И я взялся за работу. Трудно было в самый разгар войны на палубе корабля или в крохотной каюте, которую я делил с двумя товарищами, засесть за какое-нибудь длинное произведение, так что я решил написать четыре-пять рассказов, каждый из которых восславил бы мужество людей в их борьбе против несправедливости и притеснений. Когда рассказы будут готовы, я введу их в состав более обширного повествования, своего рода фрески, живописующей Сопротивление и наш отказ от покорности, вкладывая свои истории в уста разных персонажей, согласно давней традиции плутовских романов. Таким образом, если я погибну до того, как закончу всю книгу, то по крайней мере оставлю после себя несколько рассказов, все из моей жизни, и мать увидит, что я, как и она, старался изо всех сил. Вот так и был написан первый рассказ из «Европейского воспитания» — на борту корабля, уносившего нас навстречу боям в африканском небе. Я немедленно прочитал его матери, на палубе, при первых проблесках зари. Казалось, она была довольна.
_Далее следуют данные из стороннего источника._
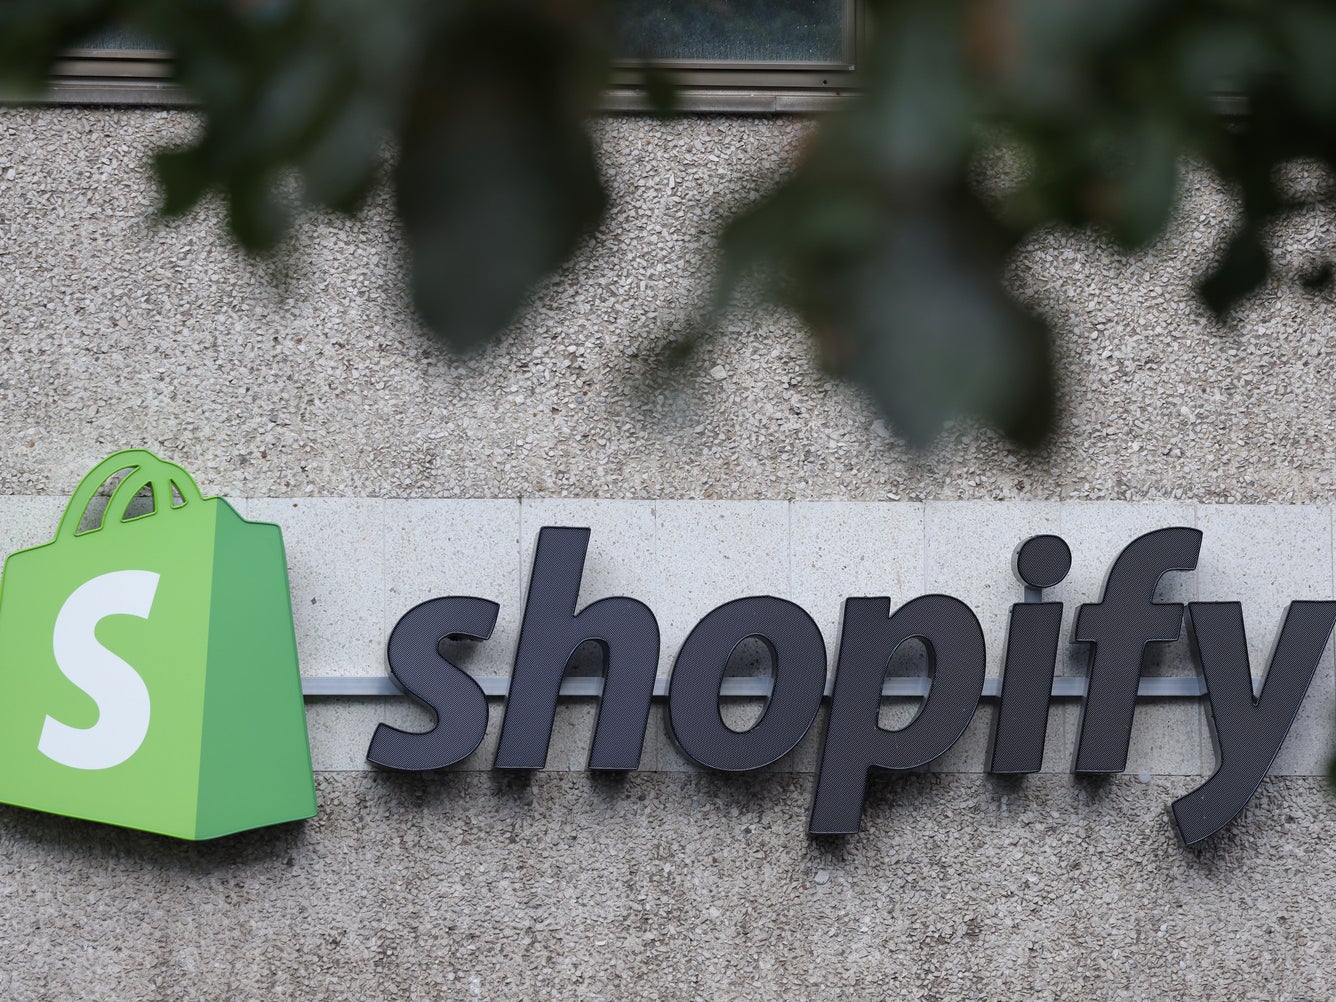 Shopify: Same Moat, New Verticals, Almost A Buy (NYSE:SHOP)

— Толстой! — заявила он попросту. — Горький!
А потом, из вежливости к моей стране, добавила:
— Проспер Мериме!
Этими ночами она говорила со мной гораздо непринужденнее и доверительнее, чем прежде. Быть может, решила, что я уже не ребенок. Быть может, просто потому, что море и небо способствовали откровениям и ничто вокруг нас, казалось, не оставляло следа, только белела струя за кормой, такая эфемерная в тишине. Может, также потому, что я уезжал сражаться за нее и она хотела дать новую силу моей руке, на которую ей еще не довелось опереться. Склонившись к волнам, я черпал из прошлого полными пригоршнями: обрывки фраз из разговоров, слышанные тысячу раз слова, позы и жесты, запечатлевшиеся в моей памяти, главные темы, пронизавшие ее жизнь подобно световым нитям, которые она сама выткала и за которые не переставала цепляться.
— Франция — самое прекрасное, что есть в мире, — говорила она со своей обычной наивной улыбкой. — Потому-то я и хотела, чтобы ты стал французом.
— Ну вот, дело сделано, верно?
Она умолкала. Потом слегка улыбалась.
— Тебе придется много воевать.
— Я был ранен в ногу, — напоминал я ей. — Вот, можешь потрогать.
Я выставлял ногу с тем маленьким кусочком свинца в бедре. Я так и не дал его удалить. Она очень им дорожила.
— Все-таки поберегись.
— Поберегусь.
Часто во время заданий, предшествовавших высадке, когда осколки и взрывные волны бились о корпус самолета с грохотом прибоя, я вспоминал материнское «поберегись!» и не мог сдержать улыбки.
— Куда ты подевал свой юридический лиценциат?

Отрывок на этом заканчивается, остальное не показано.